More than anything else, the troubles in Northern Ireland occupied Conway during the second half of his term as archbishop and primate. He was the leading spokesman of the catholic cause, but never failed to condemn atrocities wherever the responsibility lay: he branded as ‘monsters’ the terrorist bombers on both sides. In 1971 he denounced internment without trial, and the following year he was mainly responsible for highlighting the ill-treatment and even torture of prisoners in Northern Ireland. He repudiated the idea that the conflict was religious in nature, emphasising its social and political dimensions; made repeated appeals for peace, declaring that the majority of the people wanted an end to violence; was the first public figure to ask the question ‘Who in his senses wants to bomb a million protestants into a united Ireland?’; and was openly critical of the British government over conditions in Long Kesh internment camp, and of ‘the cloak of almost total silence’ surrounding violence against the catholic community.
It has been said of him that he was fascinated by the media.
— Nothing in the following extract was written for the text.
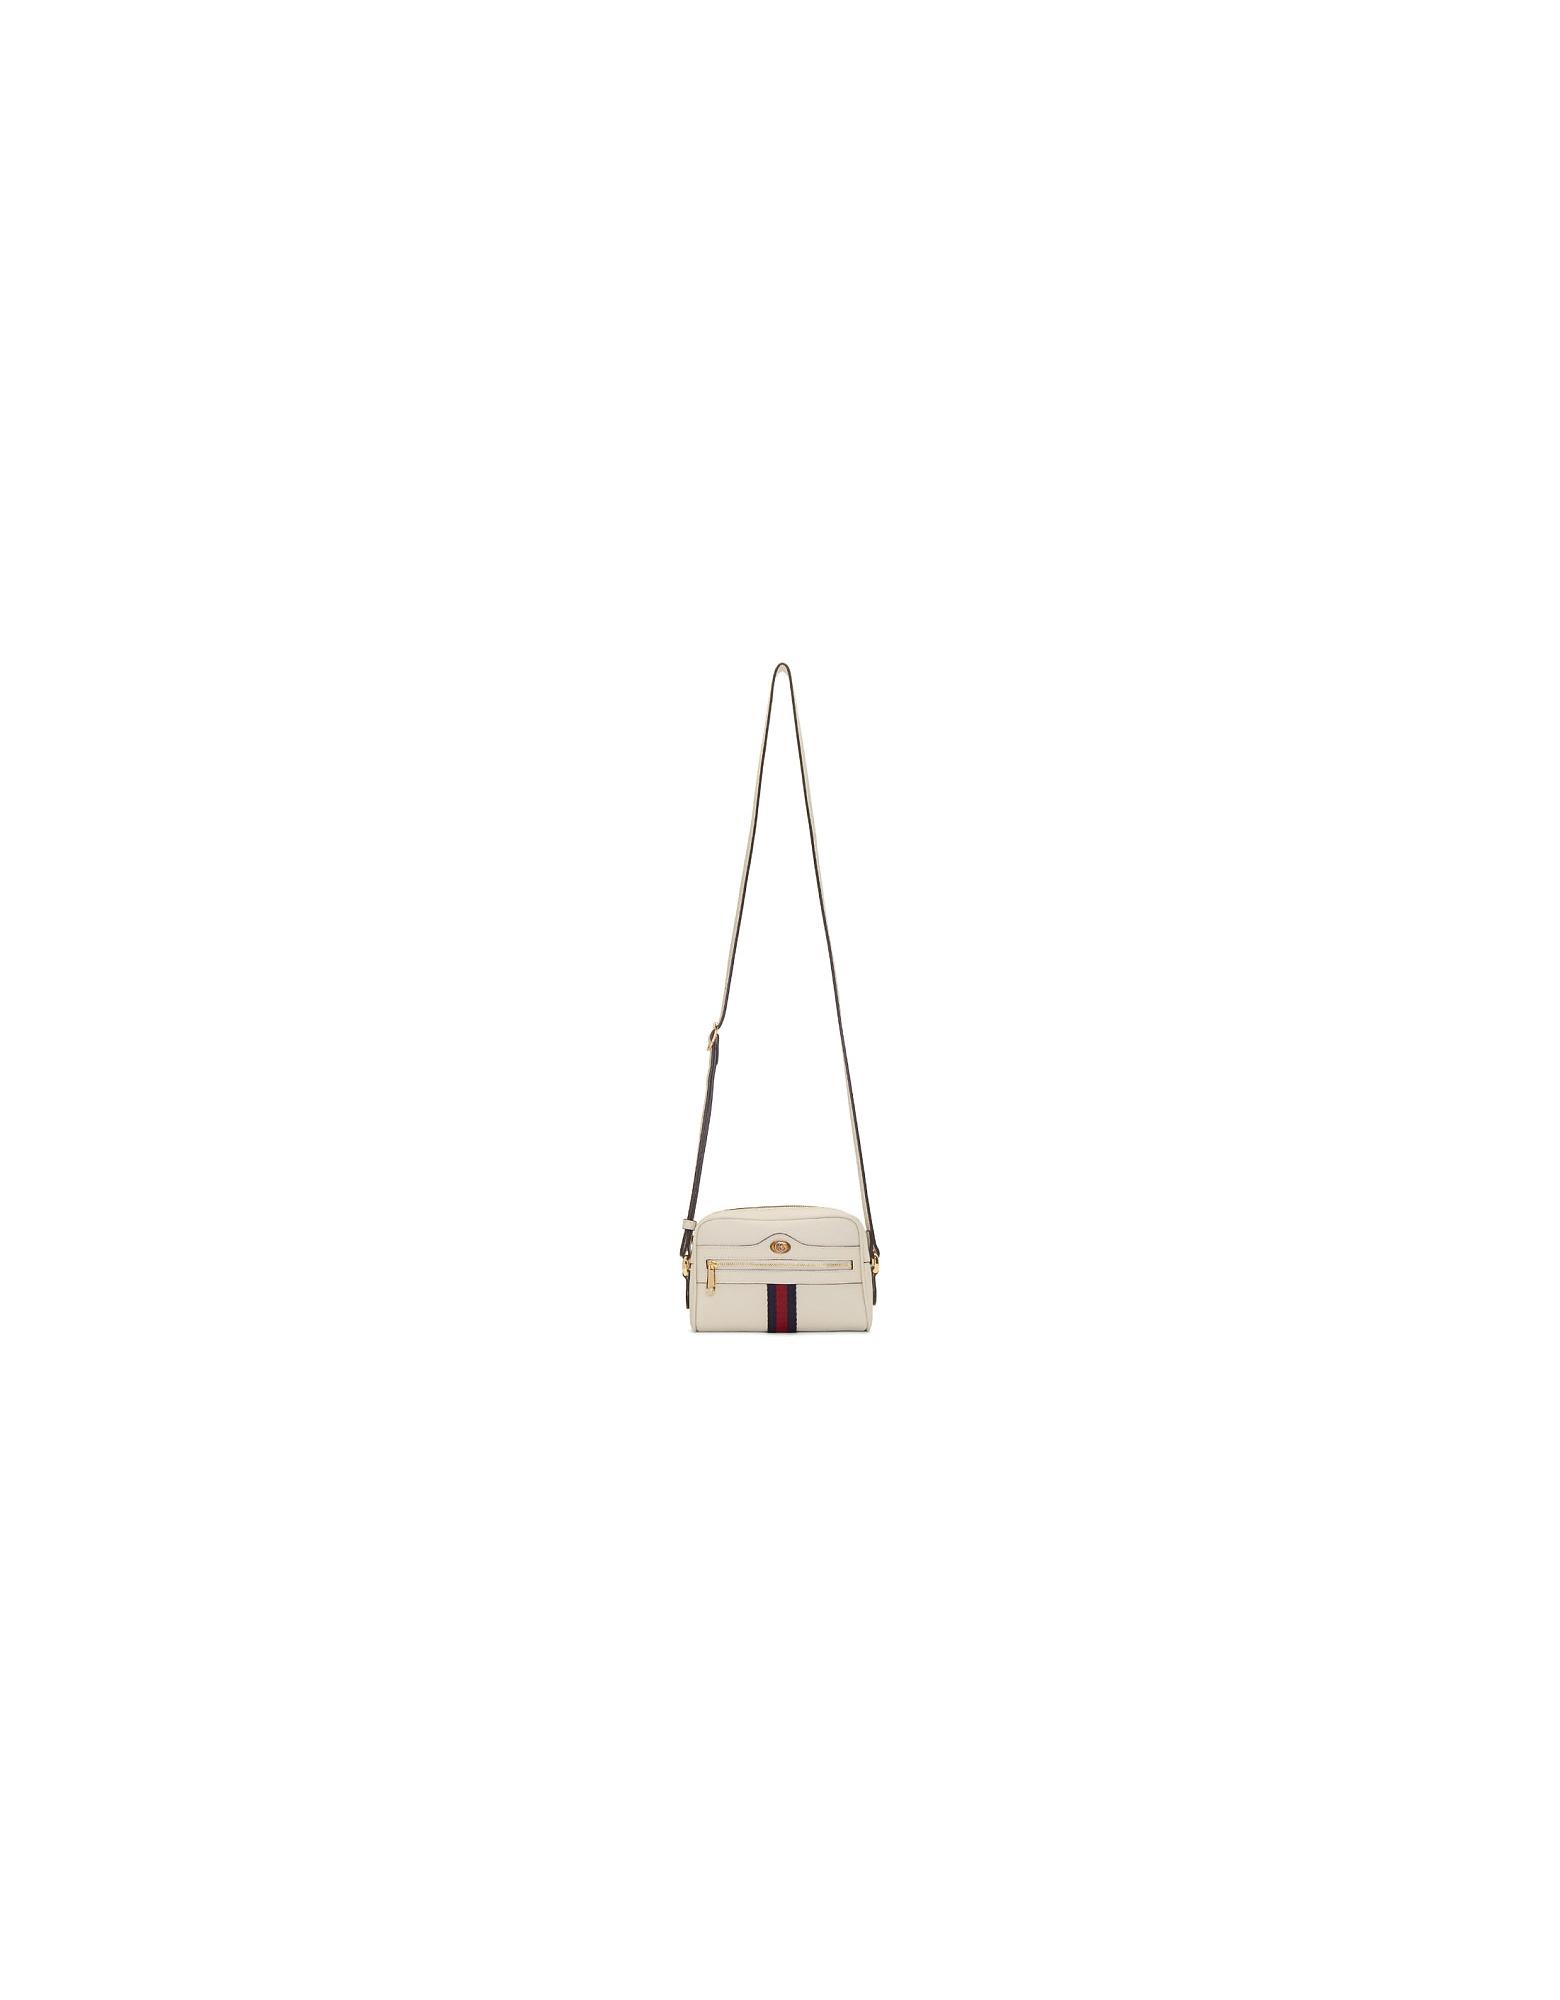 Gucci Designer Handbags, White Mini Ophidia Bag

He valued access to a wider audience, but had no illusions about the pitfalls involved in giving interviews. The Sunday Independent of 24 April 1977, exactly a week after the cardinal's death, carried a journalist's detailed account of an interview Conway gave him in Armagh in 1975. At the outset it was far from friendly, but the cardinal's patience and kindness won him a measure of respect in the end. To another journalist who had given him unfriendly treatment he was able to say afterwards, addressing him familiarly, ‘You know, T. P., I still like you in spite of your views.’
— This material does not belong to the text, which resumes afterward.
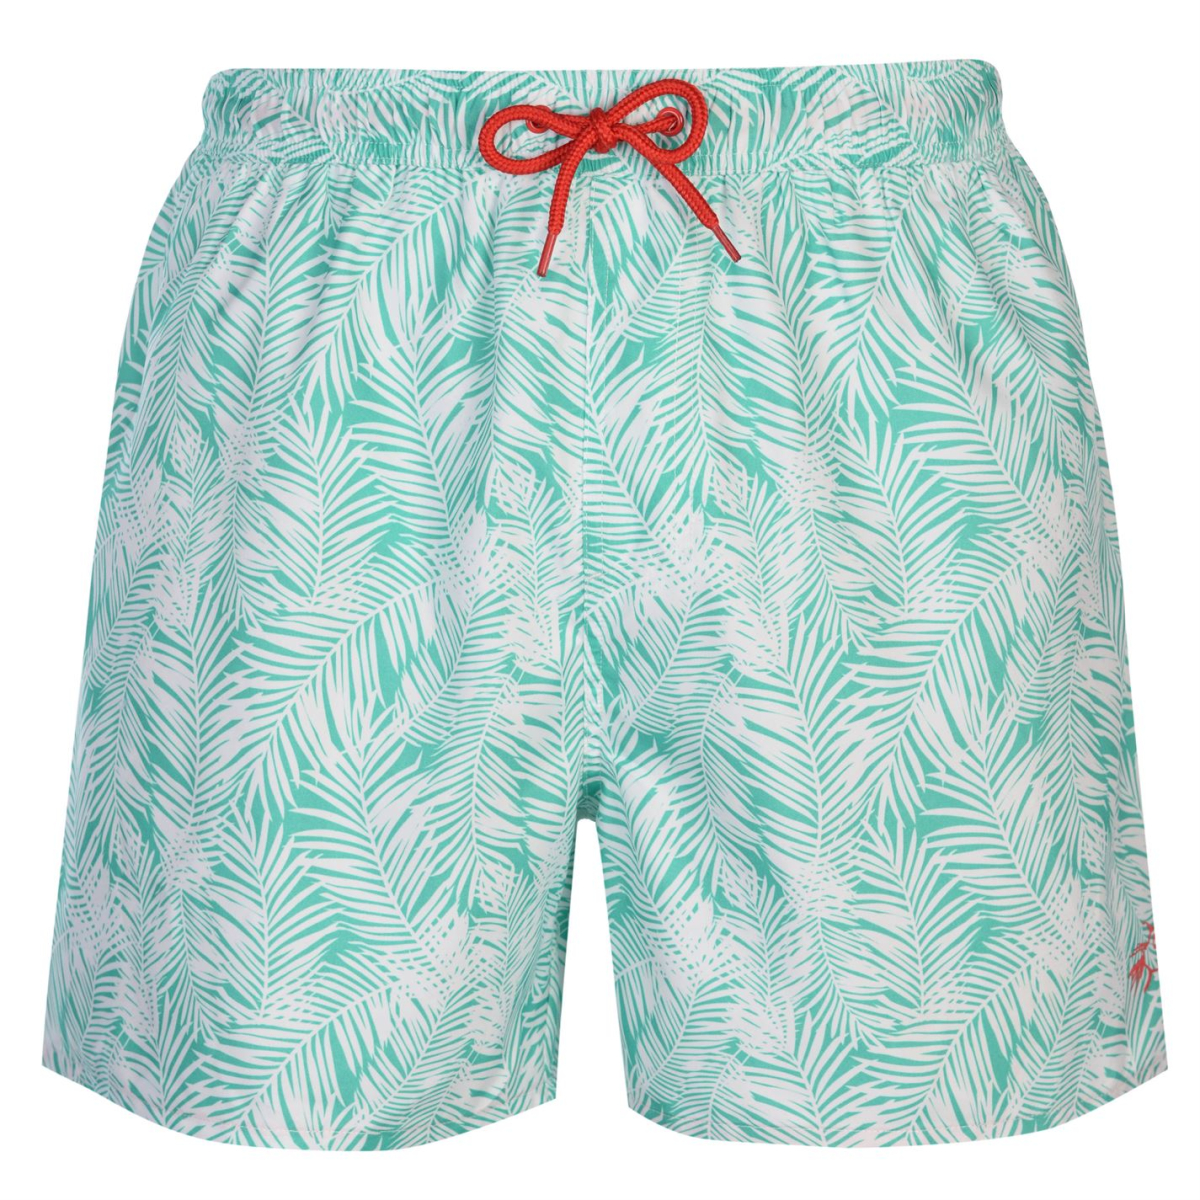 Hot Tuna Oasis Shorts Herren Grün_Weiß

In January 1977 he underwent surgery in a Dublin hospital, and almost immediately came to know that he was terminally ill. It was the best-kept secret in Ireland until close to the end. On 29 March Conway wrote to his fellow bishops informing them that the prognosis regarding his health was ‘not good, in fact . . . very bad’, and that he was perfectly reconciled to God's will. He was still able to work at his desk until Good Friday (8 April); he died in Armagh on Low Sunday night (17 April 1977). Seven countries were represented at his funeral by six cardinals and many bishops. The apostolic nuncio, the bishops of Ireland, the president and taoiseach, six Irish government ministers, and the secretary of state for Northern Ireland were also among the mourners. The cardinal was laid to rest on the brow of the cathedral hill. The red hat received from Paul VI was suspended from the ceiling of the Lady chapel, joining those of his four immediate predecessors.